In this condition of the parties, and before the company had paid over any of the money, Fithian & Jones, having a judgment for $800 dollars against Innman, served their attachment execution on the company. It was properly served on the company as the “ debtor, depositary, and bailee” of the money, and could not have been served with effect on the assignees: 1 Casey 362. From the time of such service, says the Act of Assembly, “all effects belonging or due to the defendant by the person or corporation on which service shall be so made, shall remain attached in the hands of such corporation or person,” &c. That was the most impressive notice to the company of the rights of these plaintiffs. After that, the company could not part with any effects in their hands belonging to the defendant, except at their peril. Yet they did. In disregard of the attachment, they paid over the whole $3000 “ as
It is said, it was not the company’s business to liquidate the counsel fees. Perhaps not. But they should have refused payment until they were liquidated. Standing as a stakeholder between the parties, they should have required Dickinson and Wright to define the extent of their interest under the assignment. With or without the assignment, the company might have paid the whole fund to those gentlemen, if no other rights had intervened; but seeing, as they were bound to see, from the assignment, that Innman had still a beneficial interest in the fund, and that his creditors had acquired a legal lien upon it, they assumed a greater responsibility than an attempt at liquidation would have imposed, when they decided that the whole fund of $8000 was necessary to secure counsel fees and advances for obtaining an award of that sum. Protracted and difficult litigation, carried through a series of courts, sometimes consumes the whole stake played for; but the company knew perfectly that this was not sport of that sort. It was simply an award of a referee, the cash advances for which were only $50, and the counsel fees, as finally settled, $1000. It would have been a reasonable presumption for the company to make, that the cost of such litigation would scarcely exceed one-third of the recovery; but if they had assumed it at two-thirds, money enough would still have remained in their hands to have satisfied the plaintiffs. The safe and proper way, however, would have been to refuse all payment until conflicting rights were defined. The payment made by the company was in their own wrong, and furnishes no ground of defence whatever.

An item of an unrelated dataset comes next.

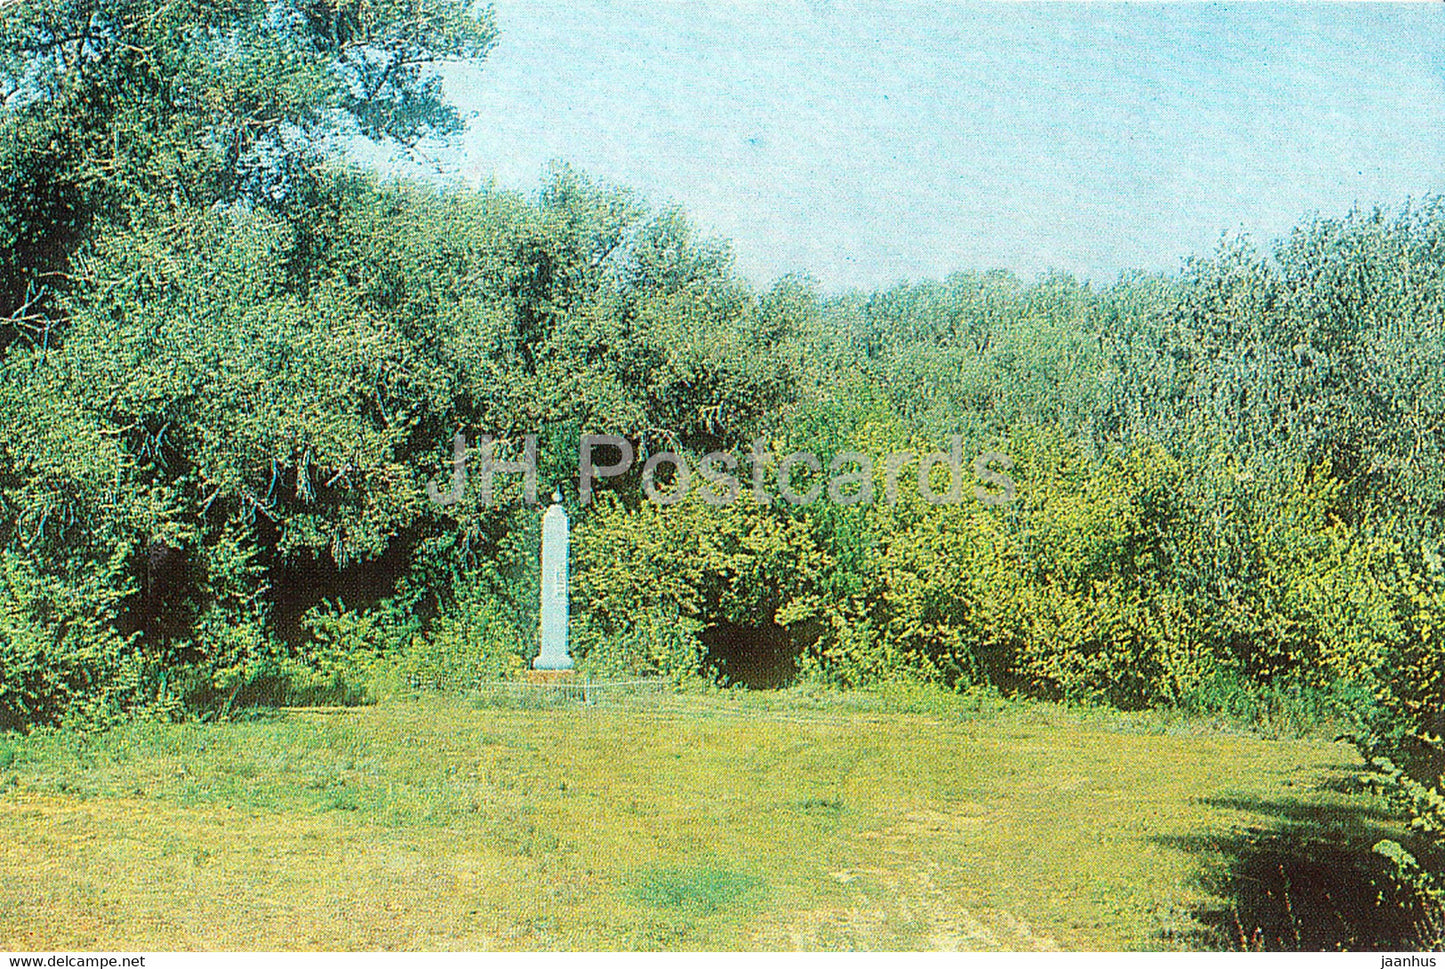 Uralsk - Oral - Gorky grove - 1984 - Kazakhstan USSR - unused - JH Postcards

Although the plaintiffs’ debt was only $800, and the result shows that the company had some $2000 of the defendant’s effects in their hands when the attachment came to them, yet the company have permitted that money to go to the defendant through his counsel, to the utter defeat of the statutory remedy, and the rights of the plaintiffs. If such a proceeding were sustained, every attaching creditor might be balked, and the statute would be worse than useless.
The question of Wright’s competency loses all of its importance in the view we have taken of the case. Still we think that, under the circumstances of the case, he was competent as a witness.
The judgment is reversed, and a venire de novo awarded.